Much of this regarding bracing and ports in closed-back cabs has been known, at least in principle, for decades. For instance, look into the "Tone Ring used for early '60s Bandmaster cabs. The trouble is, applying that knowledge to a physical product is a lot more labour-intensive and the market does not always justify the production expense and effort.
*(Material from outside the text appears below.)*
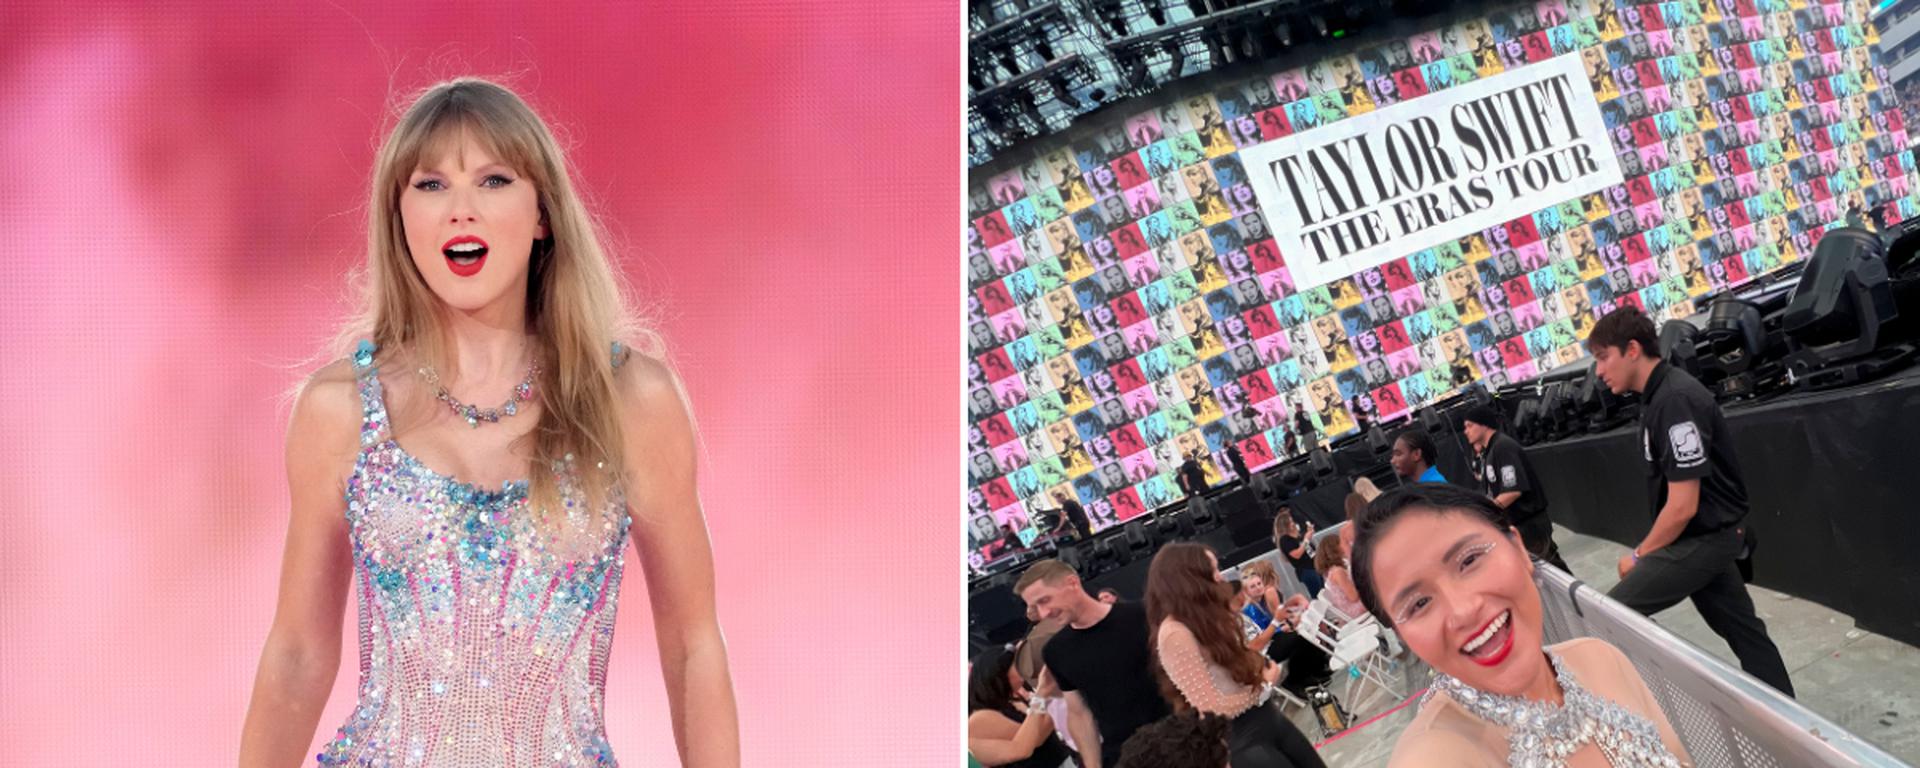 Taylor Swift: quiénes son las “swifties” de Perú y cuánto invirtieron para ver en vivo a la estrella del momento

Part of my interest in such alternative cabs was sparked by the review of the Feiten cabs in _Guitar Player_, somewhere in the '90s, that raved about them, and their ability to sound like a 4x12 stack in a much smaller cab with only two speakers.. Buzz Feiten licensed the design to Fuchs, and no longer makes them himself, concentrating on other things.


----------



## 1SweetRide (Oct 25, 2016)

I knew calling you into this thread was going to be informative


----------



## BMW-KTM (Apr 7, 2015)

It looks really interesting but the width is an issue for me.
It's an inch (or more) too narrow.
Height and depth are fine.
I guess maybe they had their reasons that they went with 18" but I suspect aesthetics played no part of that.
Most small heads and combos (at least any of the ones I personally would be interested in or already own) are over 18" wide.
My Boogie is about 19" and most others (that I like) range from 19" to 21".
I have to imagine there must have been some other possible set of dimensions that arrive at the same internal volume and dispersion that they could have chosen.
When I combine goofy looking aesthetics with a $900+ price tag (before shipping and taxes) it really halts any GAS I might have been experiencing.
It's not like a V30 is priced stupid-high like an AlNiCo Blue or anything.
I have a beam blocker in my Boogie and while it's not perfect, it's better than nothing and only costs a few dollars.
I think I'll pass.
Thanks for the heads up though.
Seems like good tech and other makers may follow suit at some point.


----------



## 1SweetRide (Oct 25, 2016)

I don't quite understand why 18" is a deal breaker for you.


----------



## zdogma (Mar 21, 2006)

I think the head hangs over the edge of the cab. Looks strange and is kind of tippy, especially with wider heavy heads like Mesas, Marshalls. Only an issue if you stack them.


----------



## BMW-KTM (Apr 7, 2015)

zdogma said:


> I think the head hangs over the edge of the cab. Looks strange and is kind of tippy, especially with wider heavy heads like Mesas, Marshalls. Only an issue if you stack them.


This.
Combined with a fairly lofty price tag.


----------



## 1SweetRide (Oct 25, 2016)

Do what I did. Put the cab on top of the head or order the 212


----------



## BMW-KTM (Apr 7, 2015)

With the heat rising up from your amp, effectively warming the cab's bum, you're giving it one sweet ride; heated seat and everything.


----------



## bolero (Oct 11, 2006)

that is a really interesting cab design!!


----------



## Diablo (Dec 20, 2007)

Doesn’t it depend on what kind of music you’re playing through it?


----------



## 1SweetRide (Oct 25, 2016)

I’ve played metal, rock and acoustic through it so far.


----------



## laristotle (Aug 29, 2019)

I bet that the LED string makes a difference?


----------



## 1SweetRide (Oct 25, 2016)

laristotle said:


> I bet that the LED string makes a difference?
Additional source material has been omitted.